A function $X : \Omega \rightarrow \mathbb{R}$, where $\Omega$ is the set of all possible outcomes is called a random variable. We want to know the probability of $X$ being a certain value. Specifically, for $a \in \mathbb{R}$,

$$\{X=a\}=X^{-1}(\{a\})=\{\omega \in \Omega : X(\omega)=a\}$$

Generally, for any $B \subseteq \mathbb{R}$ we want to know a value of event

$$\{X \in B\}=X^{-1}(B)=\{\omega \in \Omega : X(\omega) \in B\}$$

Suppose a random variable $X$ may take $n \in \mathbb{N}$ different values, the probability that $X = a_{j}$ is defined as $P(X = a_{j}) = p_{j}$, for $j\in\{1,…n\}$. As we already know from previous lessons, probabilities $p_{j}$ must satisfy

1. $0 \leq p_{j} \leq 1$, for each $j$

2. $p_{1}+p_{2}+…+p_{n}=1$

Let’s use a coin flip as an example once more. Possible outcomes of flipping a coin are getting heads or tails. One possible random variable would be:

$\bullet $ $X=1$ if the flip of the coin is a head
$\bullet $ $X=0$ if the flip of the coin is a tail

You may wonder, how did we come up with numbers $0$ and $1$? We chose them for no specific reason. We could write

$\bullet $ $X=35$ if the flip of the coin is a head
$\bullet $ $X=88$ if the flip of the coin is a tail

and $X$ would still be a random variable representing the same event. However, the first example may be more intuitive.
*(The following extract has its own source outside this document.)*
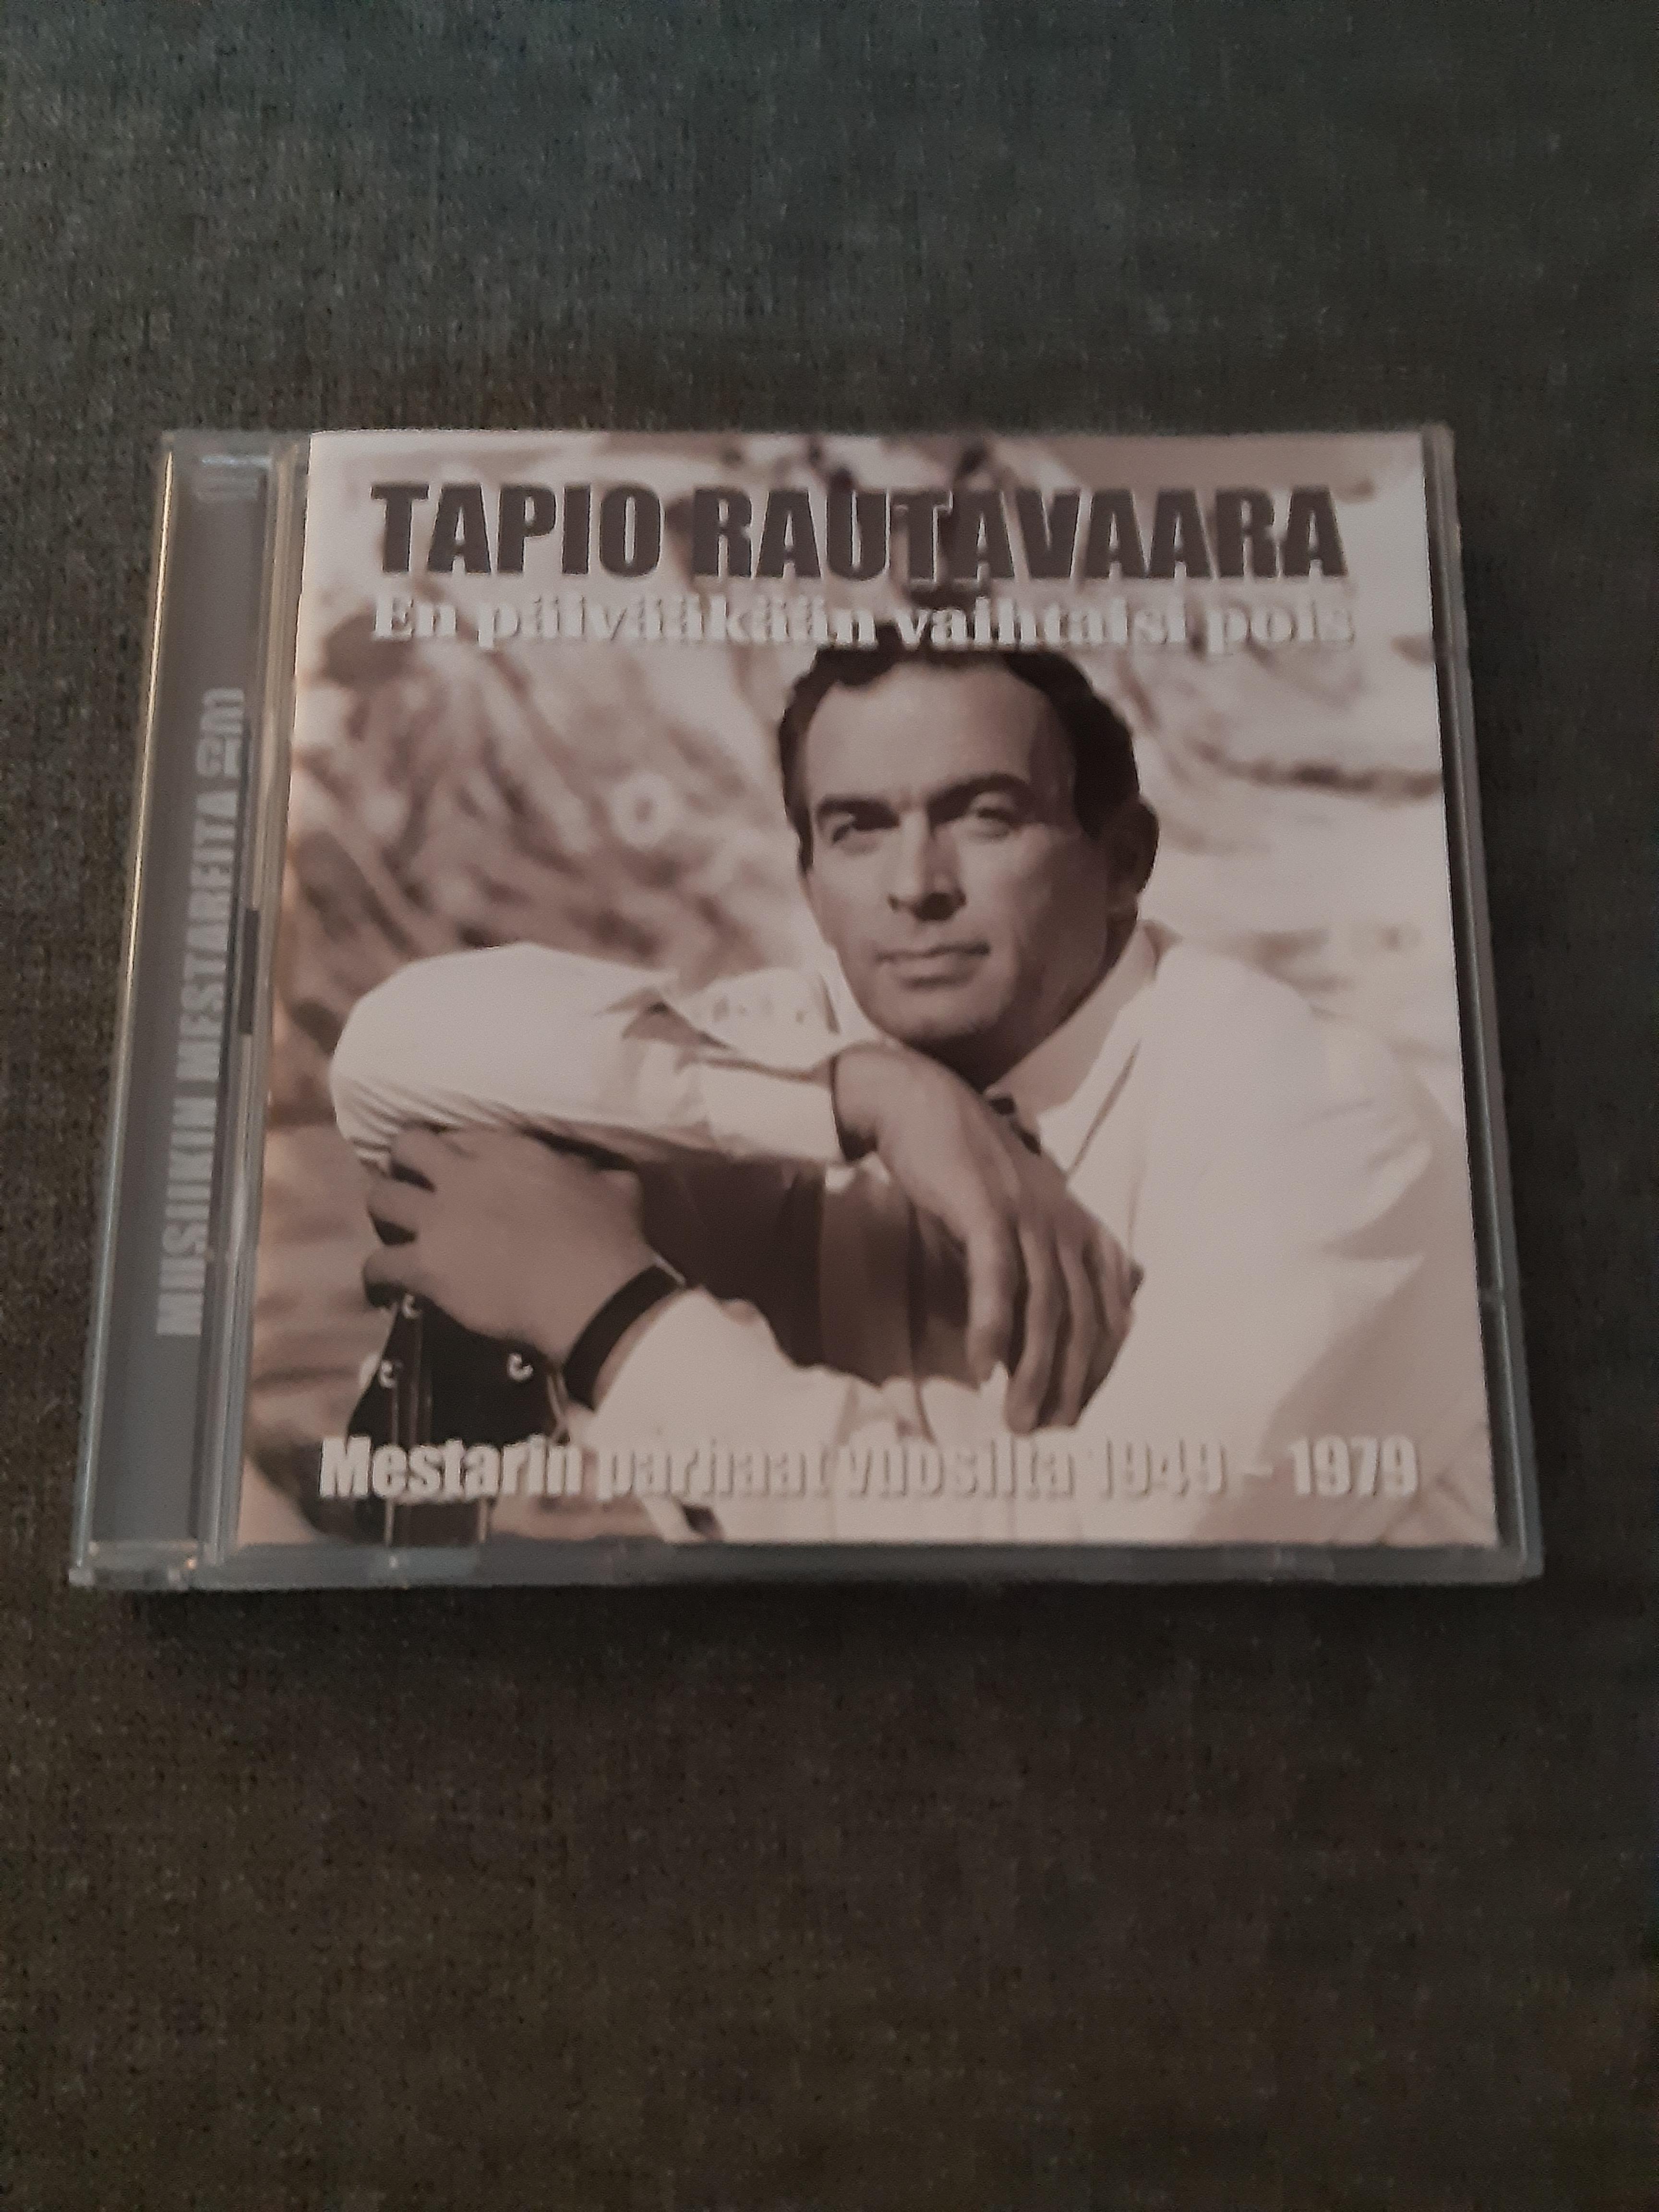 Tapio Rautavaara - En päivääkään vaihtaisi pois - 2 CD (käytetty)

Lets flip a coin 4 times. Random variable $X$ could look like this:

$\bullet $ $X=0$ no heads
$\bullet $ $X=1$ if 1 head
$\bullet $ $X=2$ if 2 heads
$\bullet $ $X=3$ if 3 heads
$\bullet $ $X=4$ if 4 heads

In conclusion, we gave numerical value to each outcome of an event. This set of values is a random variable $X=\{0,1,2,3,4\}$.

Difference between traditional and random variables

A variable is a symbol that represents quantity. It is useful in mathematics because we can prove something without assuming its value. As a result, you can make a general statement over a range of values for that variable.
For example, in expression $3x+2=14$, the value of traditional variable $x$ is $4$ and it is the only value $x$ can assume.
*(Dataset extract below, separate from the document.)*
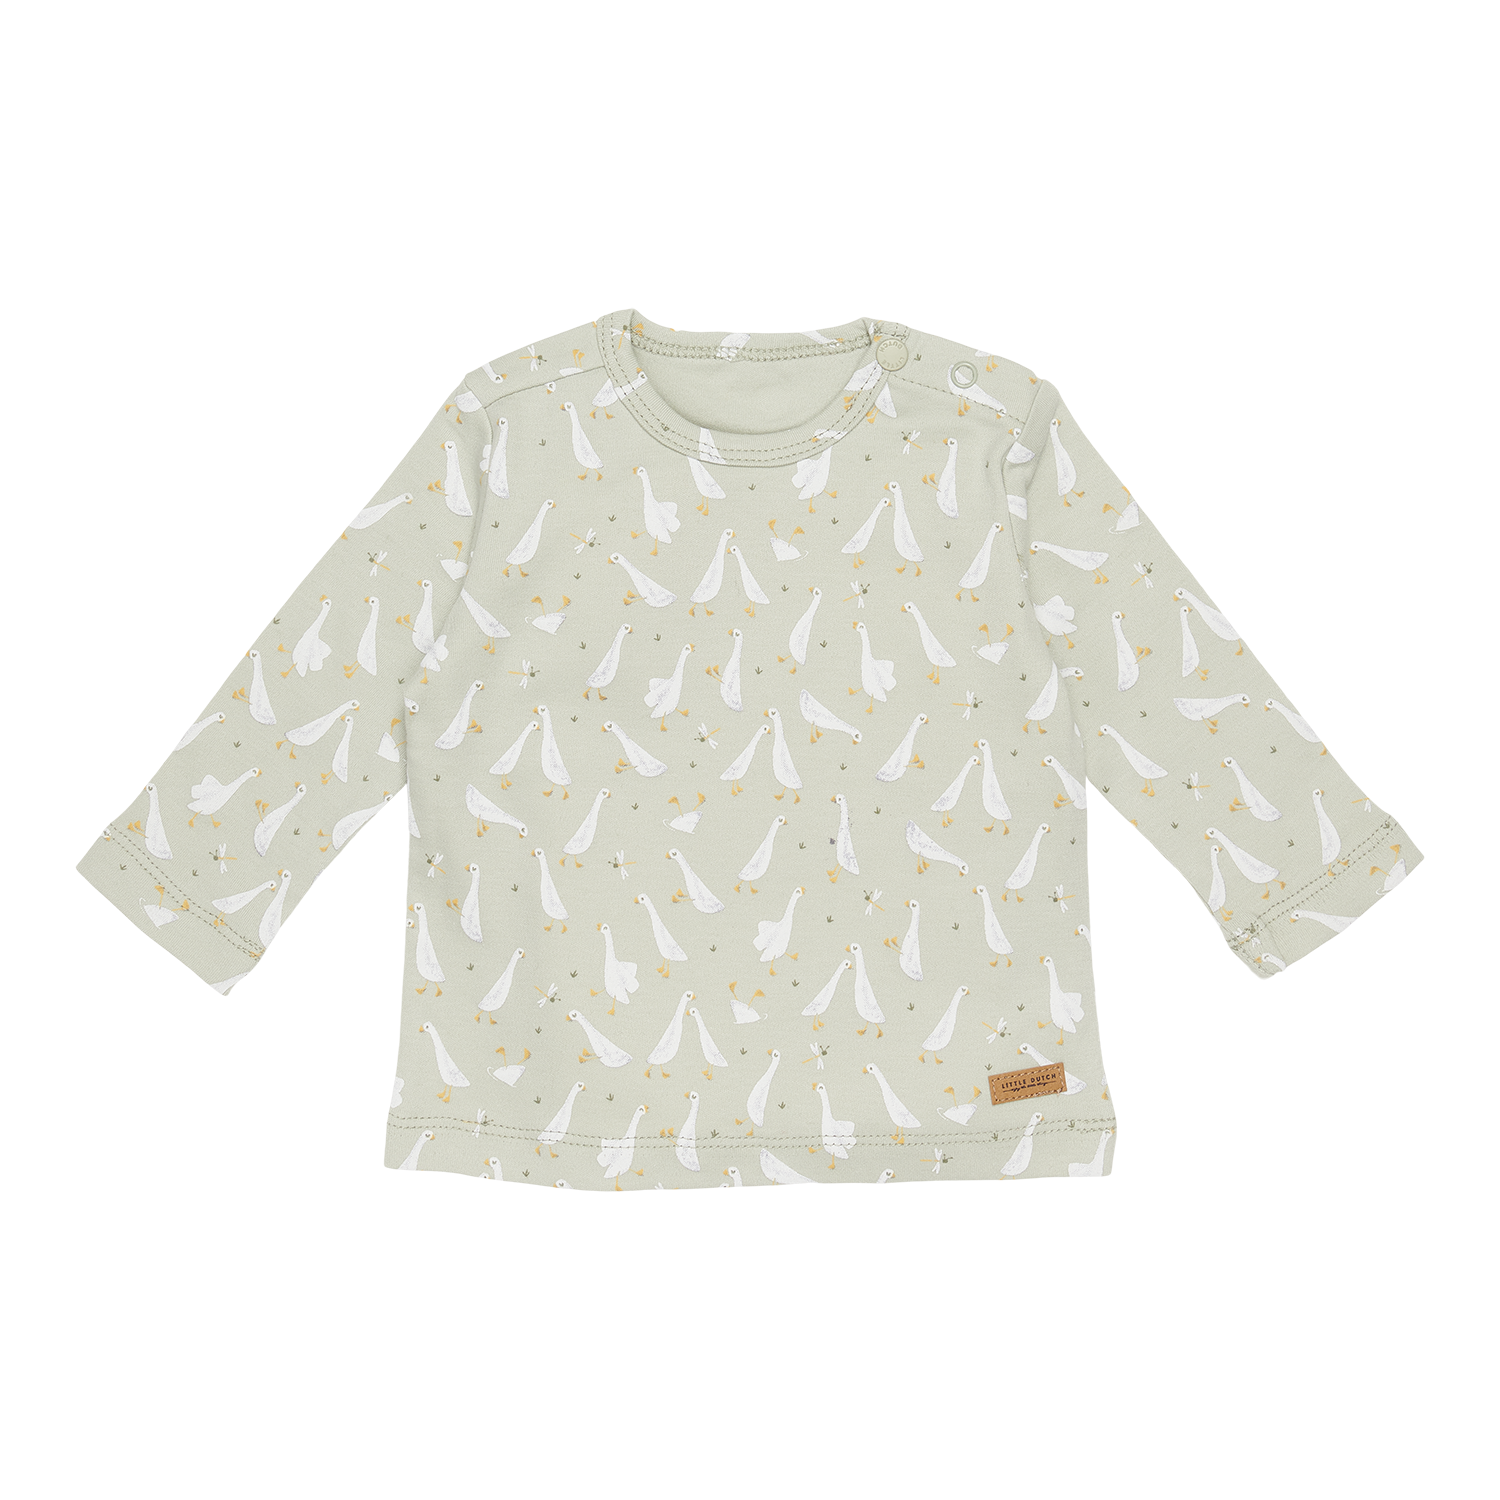 Long Sleeve Shirt / Langarmshirt Little Goose / Kleine Gans mint (Gr. 80)

A random variable is a value that follows some probability distribution. In other words, it’s a value that is subjected to randomness or chance. From example above, random variable $X=\{0,1,2,3,4\}$ has a whole set of values and it can take on any of those randomly. Moreover,  each value can have a different ­­­­­­­­­­probability.

Discrete or continuous variables

Random variables come in two varieties: discrete or continuous.

Discrete random variable is a variable that can take on only a countable number of distinct (separate) values. Therefore, if a random variable can take only a finite number of distinct values, it must be discrete. They are usually counts.

However, continuous random variable is one which takes on an infinite number of possible values.  They can take any value in given interval.

Examples. $X=$  The year a student was born

The possible options are different years, for example 1995, 2005, 1987…. As we can see years are discrete, and we can count them. Therefore, $X$ is a discrete random variable.

Other examples are: Number of heads when we toss a coin 4 times, number of children in a family.

Examples. $X=$ the weight of a random animal in zoo

The possible options are numbers in interval from lowest to highest possible weight. For example from a weight of ant to the weight of an elephant. The weight of a random animal can be, let’s say $123,456$. But maybe it’s $123,456789$. As a result, we can’t count all the possible values. Therefore, $X$ isn’t a discrete random variable, it’s continuous.

Other examples: Height, temperature, amount of sugar in specific fruit.

Probability of a random variable

When solving probability problems we would ask questions like

1. What is the probability of getting exactly 1 head?
2. Calculate the probability of getting more than 3 heads?
3. What is the probability of getting less than 2 heads?

Instead of writing event $A=\{$getting exactly 1 head$\}$, $P(A)$ and so on, we write :

1. $P(X=1)$
2. $P(X>3)$
3. $P(X<2)$

Random variables give us a way to ask questions about random process in a concise mathematical way.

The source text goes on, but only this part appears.